## Problem statement
Could you retype the whole listing word for word and drop the images?

## Supplied information
• • •

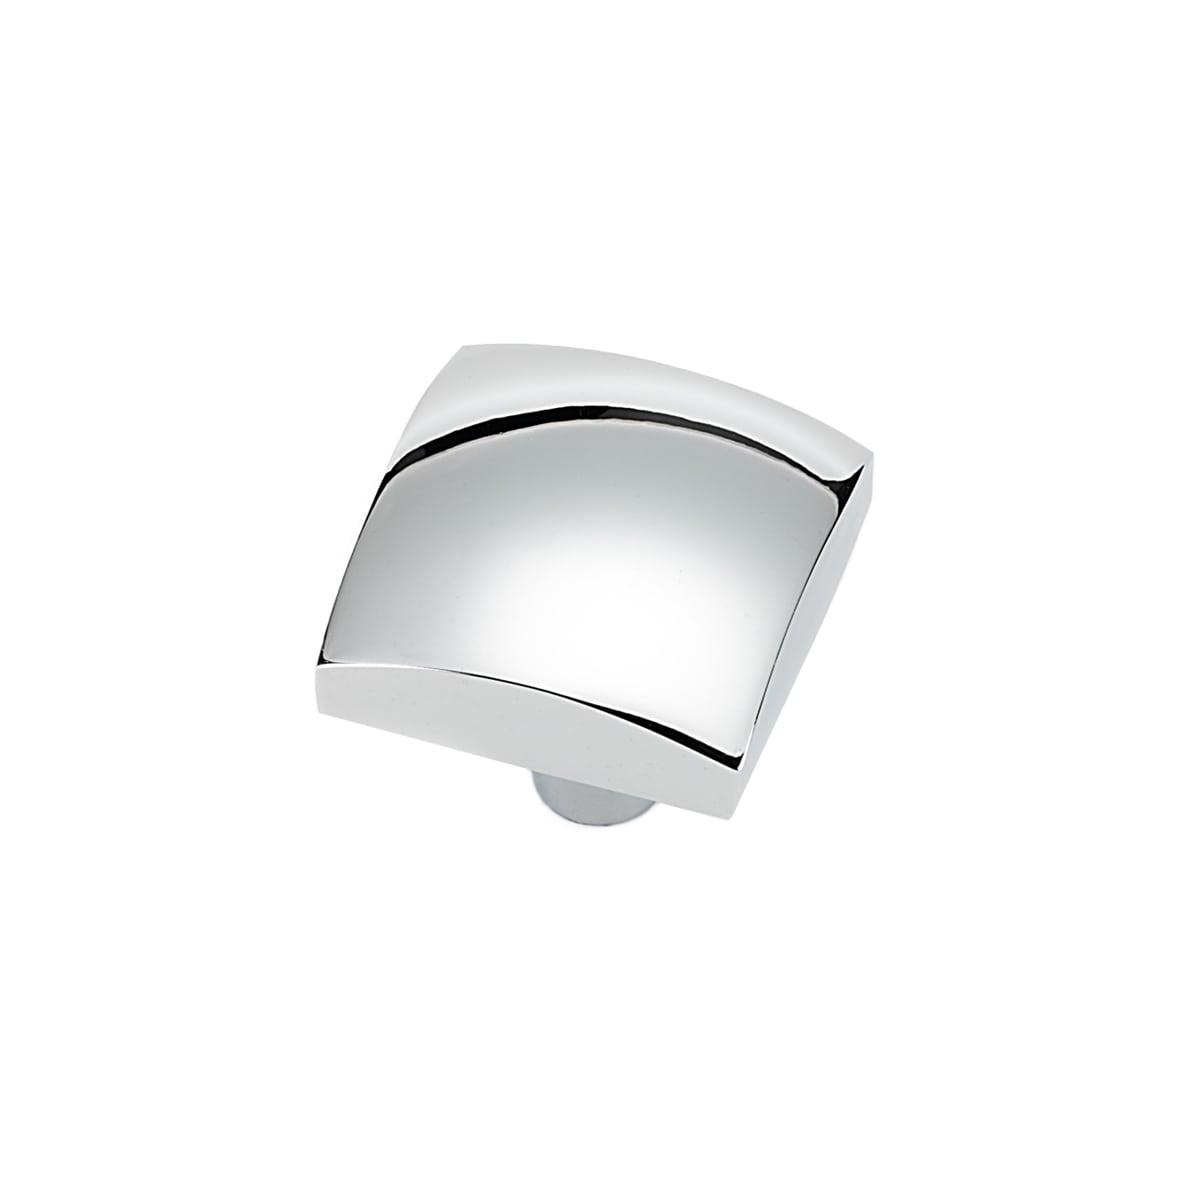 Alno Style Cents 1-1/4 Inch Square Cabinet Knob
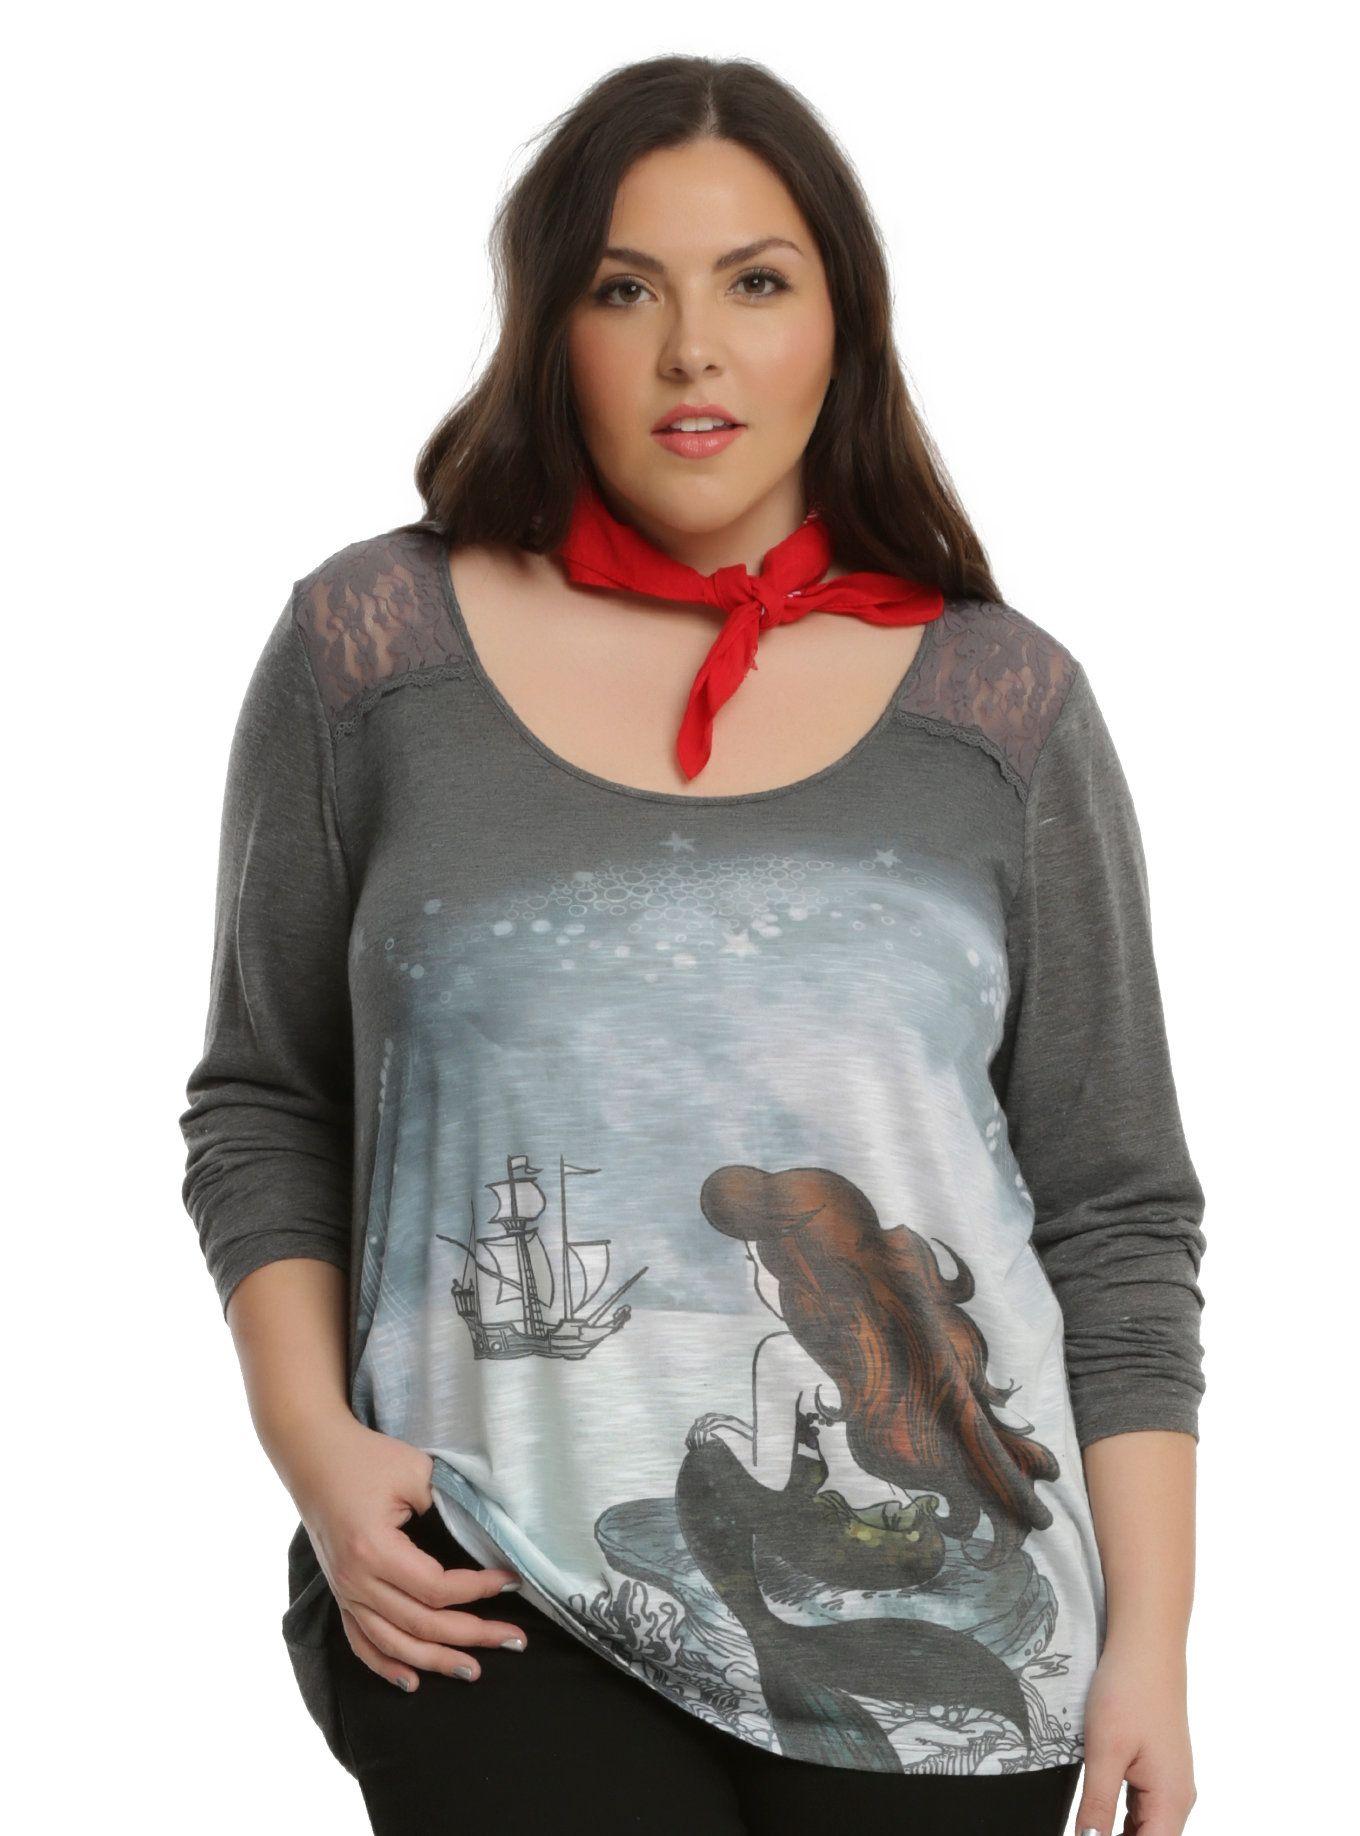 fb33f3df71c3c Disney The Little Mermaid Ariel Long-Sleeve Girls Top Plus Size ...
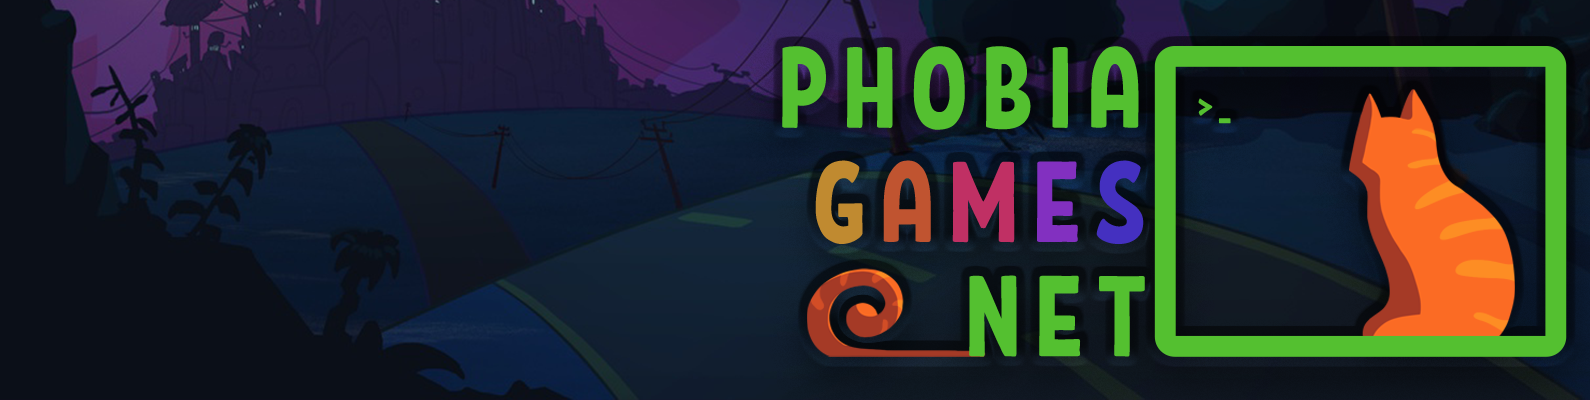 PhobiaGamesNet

• • •

## Solved exercise
 Alno Style Cents 1-1/4 Inch Square Cabinet Knob
 fb33f3df71c3c Disney The Little Mermaid Ariel Long-Sleeve Girls Top Plus Size ...
 PhobiaGamesNet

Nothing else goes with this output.